“The British people are prepared if necessary to be blown to atomic dust.”
So said Sir Alec Douglas-Home when he was prime minister. There are so many things wrong with that statement – yet it is also a quintessentially patrician and British way of putting it.
Who are ‘the British People’ described here? Did he mean you and me? Because I don’t remember ever consenting to being blown to atomic dust.
Even worse, it was said by a man whose class probably meant that, personally, he would be inside a government bunker – probably in a regional seat of government under the Chilterns.
Now, I have no idea as an ordinary citizen how much this ancient emergency system is still working.
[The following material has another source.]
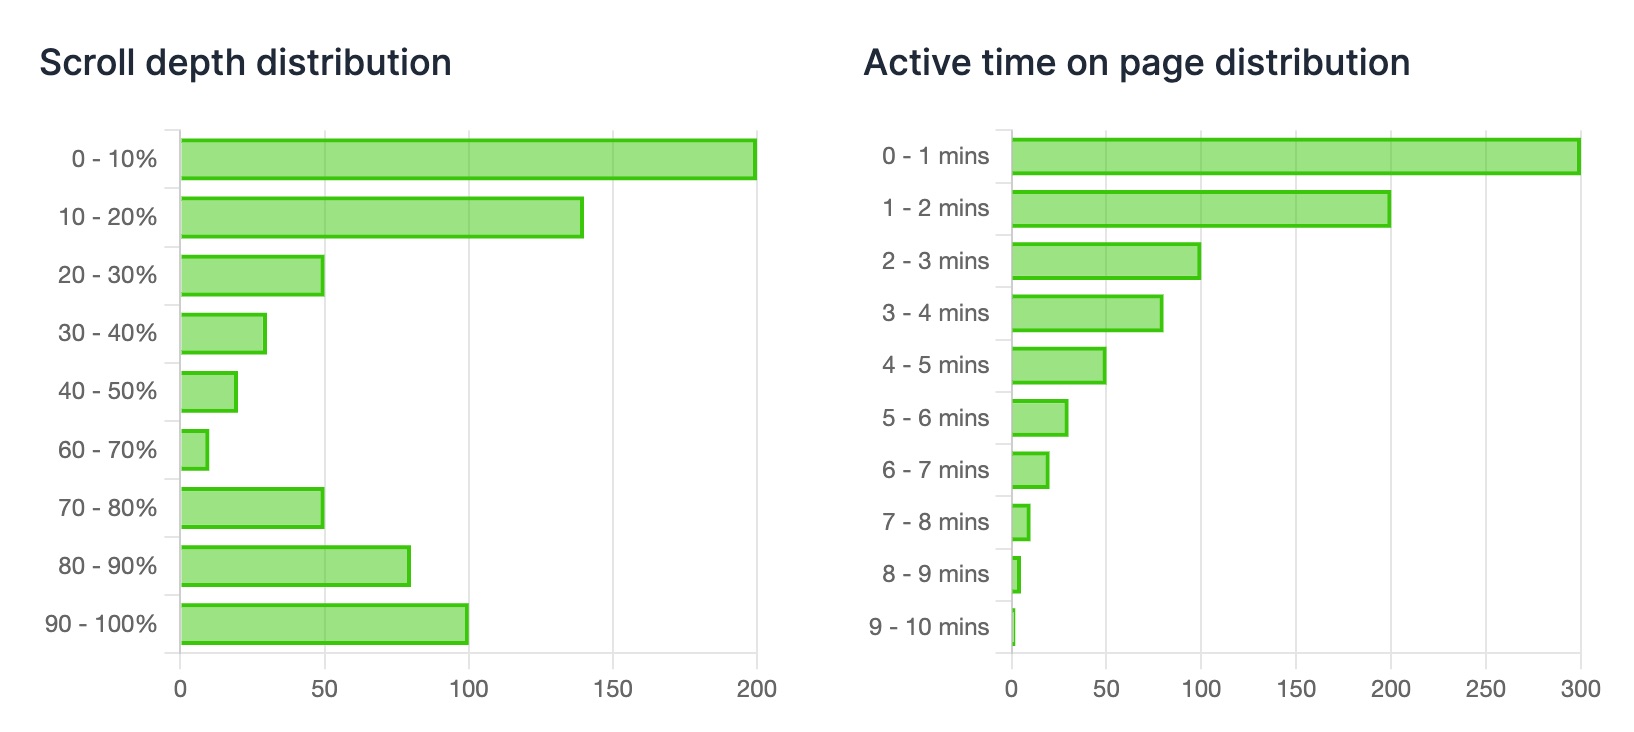 A screenshot of Parable’s scroll depth and average time on page distribution charts.

I remember, when I was training as a journalist at Harlow Technical College in 1981, we were all shown around the nuclear bunker underneath Essex County Council. And many of us – especially for some reason the women trainees – were so cross about it, that I felt it would never be repeated.
What annoyed them was not so much the silly messages, left behind after their most recent exercise – one said: “AUTHORISE RELEASE OF 200 CREAM BUNS: POLICE ESCORT” – it was the sense that we were being tricked into the idea that we could survive and fight a nuclear war.
When I was a reporter in Oxford in the early 1980s, there was a room in the basement of the town hall which was supposed to be where they would manage the city from after a nuclear attack. Inside were two telephones, a map and a set of instructions which said: “What to do in the event of a nuclear attack on Oxford – No. 1: Make tea”.
This was good advice. But really the room was mainly used to keep bicycles in.
Since the end of the cold war in 1989, our own government has – rightly or wrongly – neglected these kind of precautions. So now, with a kind of proxy war happening against Russia, with Boris Johnson popping over to Kiev whenever he can and the Russian foreign minister threatening this country most weeks, I don’t believe this is good enough.
The government can’t have it both ways after all. Either Putin is sane and sensible, in which case, why has he invaded Ukraine, so disastrously? Or he isn’t, in which case I’m not reassured by defence secretary Ben Wallace and his blithe dismissal of the risk: “We are part of a Nato partnership of 30 nations who outgun him, outnumber him and have potentially all the capabilities at our disposal. I don’t fear him, and I think we should be very grateful in this country that we have a nuclear deterrent.”
What happens if Putin is as crazed and illogical as we fear?
Of course there need to be consequences for Putin for all he is doing – and there will be – but, if we are going to take the risk of standing up to him, then our government must put some resources behind protecting us all.
My prediction is that, if the conflict in Ukraine carries on for years – as Liz Truss suggests it will – then these issues will increasingly rise up the agenda here.
But what can we do about it – if nothing else because it beats sleepless nights worrying about whether the UK will be there in the morning?
First, I think we need to put money into civil defence again, so that we know we are not just protected by the fantasies of the current cabinet. In the second world war, there was a powerful political campaign for deep shelters for the urban population. We need something similar now.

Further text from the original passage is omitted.